Probably about a third of reels straight out of the box have a loose nut holding the rotor on. Always check new reels before using them! 

I really don't think it should happen again bro, as long as you tightened it down good. 

Maybe Keith or Joe can shed some more light on this subject?


----------



## NKlamerus (Jan 4, 2016)

kanaka said:


> Not your exact reel but same manuf...http://mail.tackletour.net/viewtopic.php?f=32&t=45083&start=0
> And the bail is the wire thingy.  If you look at your second pic it says " magnumlite _ _ _ _ _"

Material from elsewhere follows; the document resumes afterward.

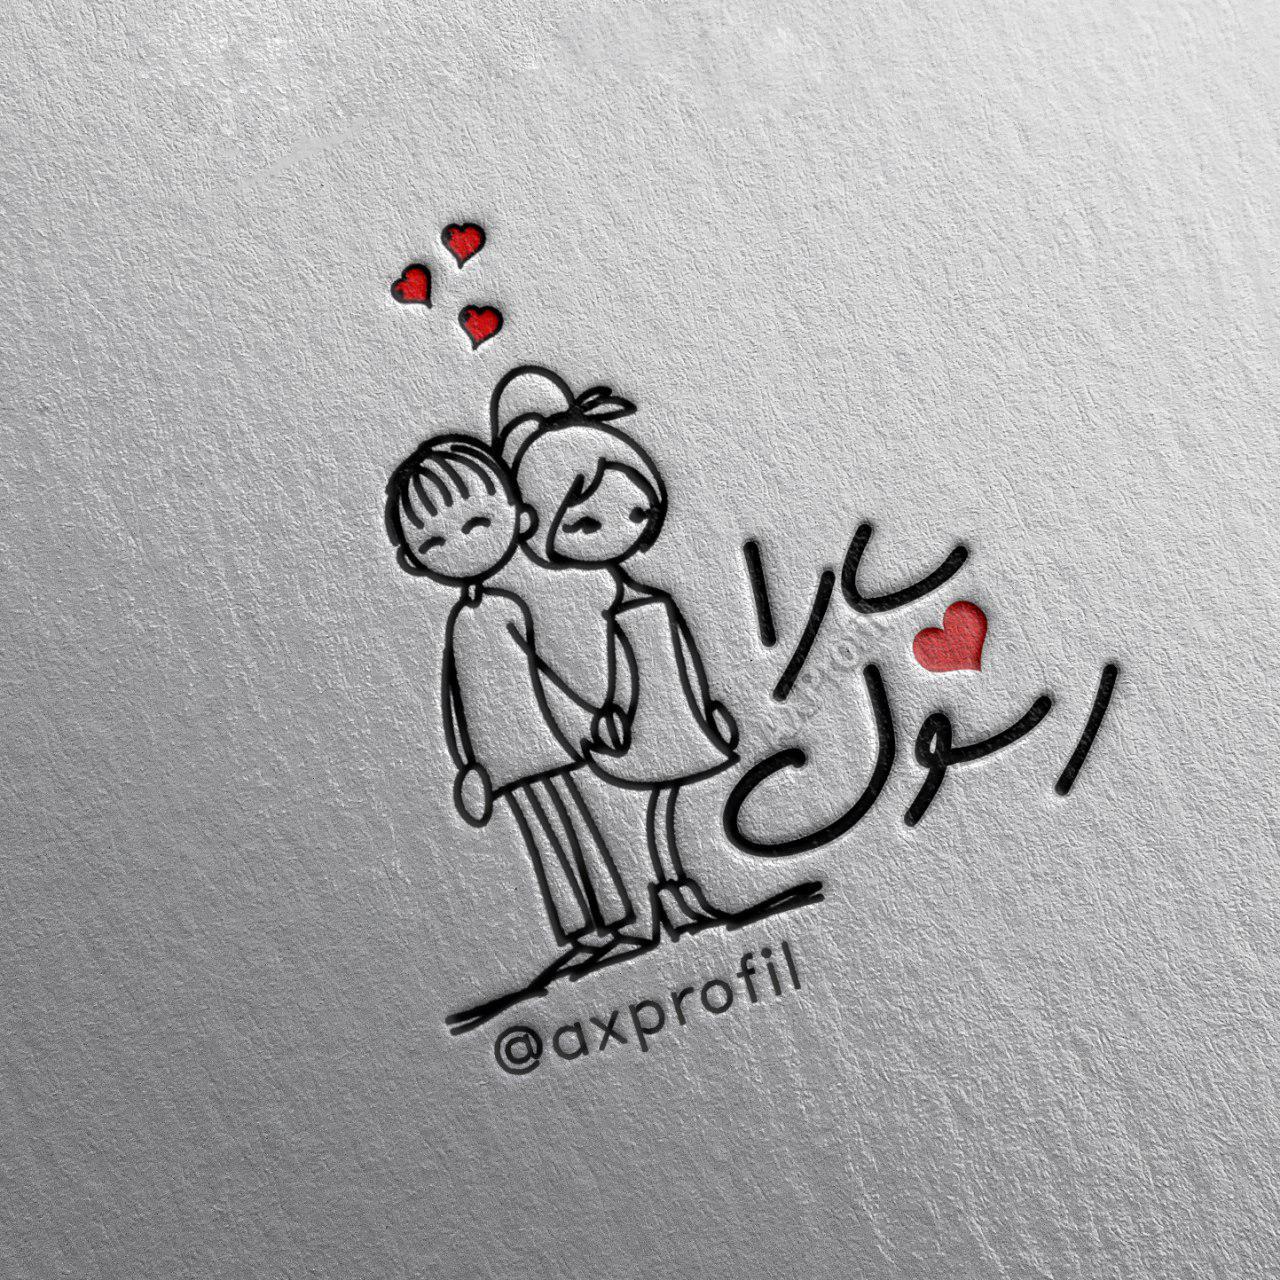 طرح گرافیکی لوگو اسم عاشقانه اسم رسول و سارا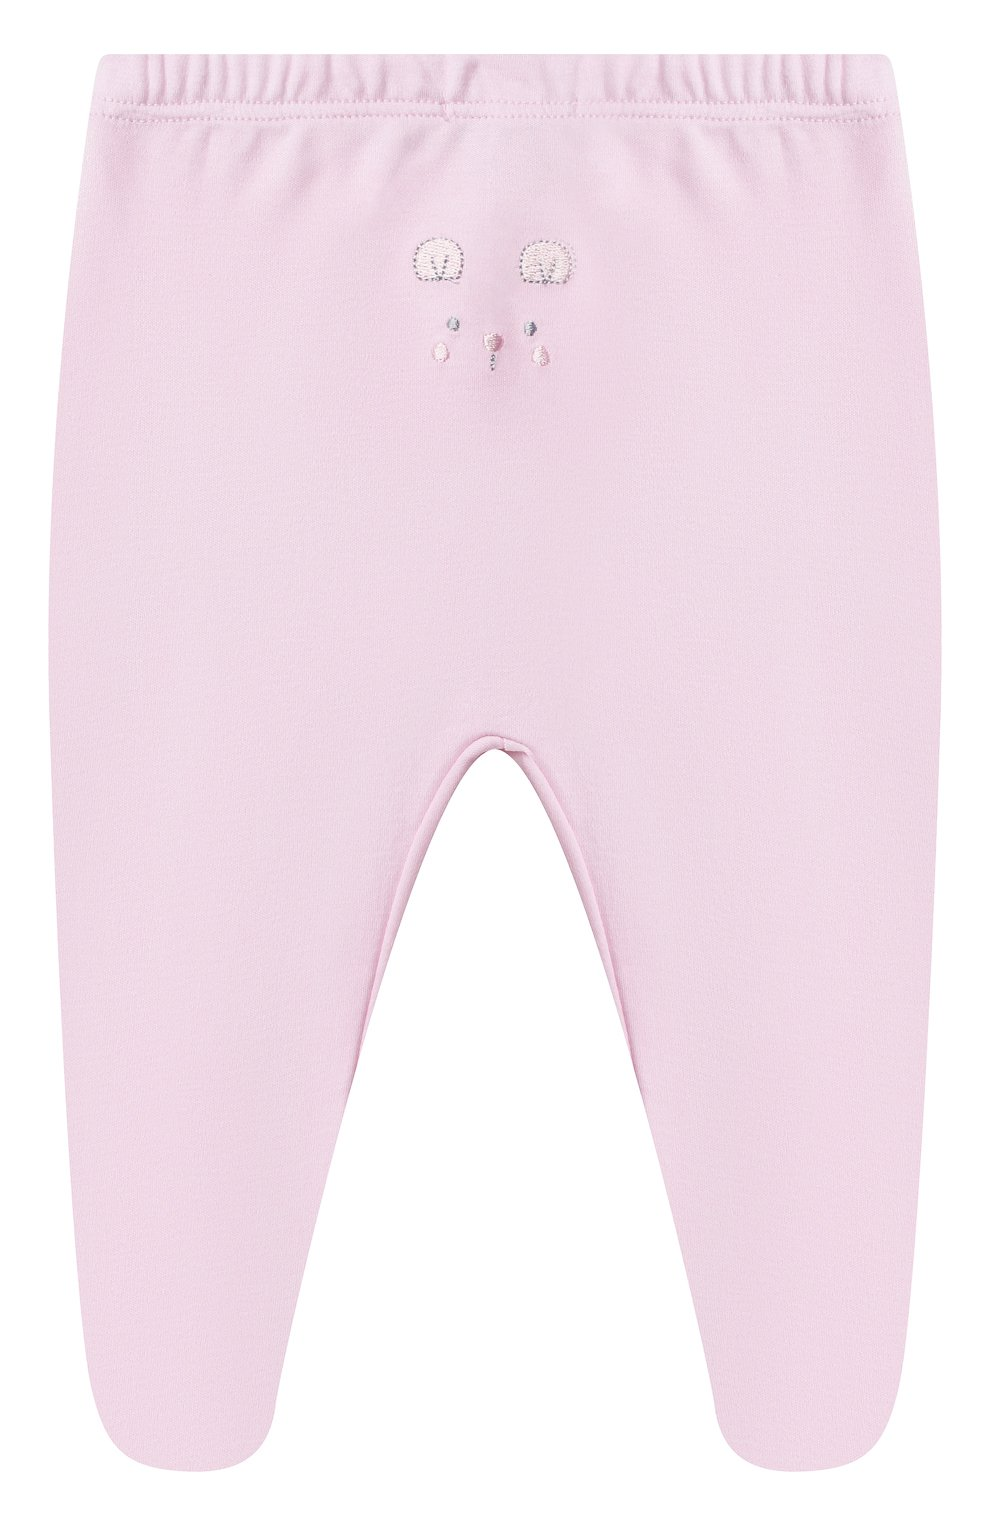 Детские комплект из боди и ползунков KISSY KISSY розового цвета, арт. KGZ05243N | Фото 5

Ah yes, I was going to go with Rotary, just sounded too technical for some of the folks on here


----------



## NKlamerus (Jan 4, 2016)

ThaFish said:


> Probably about a third of reels straight out of the box have a loose nut holding the rotor on. Always check new reels before using them!
> 
> I really don't think it should happen again bro, as long as you tightened it down good.
> 
> Maybe Keith or Joe can shed some more light on this subject?


Hopefully not! 

Otherwise I see the smallest dab of superglue being used. 

Good news is it was really clean in there! Grease was used but still yellow! (Ardent Reel grease)


----------



## J0nesi (Jun 22, 2011)

damn I guess I need to go home and double check mine!


----------



## kanaka (Oct 3, 2007)

NKlamerus said:


> Ah yes, I was going to go with Rotary, just sounded too technical for some of the folks on here


The thing that goes round and round under the spool. :thumbsup:

Did ya give the rest of your reels a good yank to see if there's more loose ones? Paranoia....


----------



## NKlamerus (Jan 4, 2016)

Haven't had a problem since! Reel is slowly getting wore in though, been through some hard use.


----------



## displaced (Nov 14, 2008)

Is/was there a set screw by the nut?


----------



## NKlamerus (Jan 4, 2016)

displaced said:


> Is/was there a set screw by the nut?


I don't believe so.


----------



## Green Tide (May 11, 2016)

The only problem Ive had with the stradics is that wd 40 will eat the rubber handle


----------



## NKlamerus (Jan 4, 2016)

Green Tide said:


> The only problem Ive had with the stradics is that wd 40 will eat the rubber handle


I did not know that. Must be the foam they use?

I sprayed mine with some T9 Bioshield and it had no ill effects.


----------



## Jeffbro999#2 (Feb 17, 2014)

I would not use WD40 anywhere near a reel. Corrosion X would be a much better choice. Sunscreen, bug spray, petroleum based lubricants can all eat away at the paint finish and handle knobs, especially the Septon rubber knobs on Shimano baitcasters. I would replace a worn out knob on a CI4 with a Power Grip 2 knob off a Chronarch or Curado E, only $2.82 and the most comfortable knobs I've ever used. BNT 4220 for right hand knob, 4240 for left hand.


----------



## LSP552 (May 4, 2013)

displaced said:


> Is/was there a set screw by the nut?


I just checked and my 2500 FI has a set screw but the FJ and CI4+ does not. another item to check when changing line or doing other maintenance.


----------



## Ocean Master (May 20, 2008)

If your Shimano reel has a locking screw the nut is standard thread. If it doesn't have a set screw it's reverse thread.


----------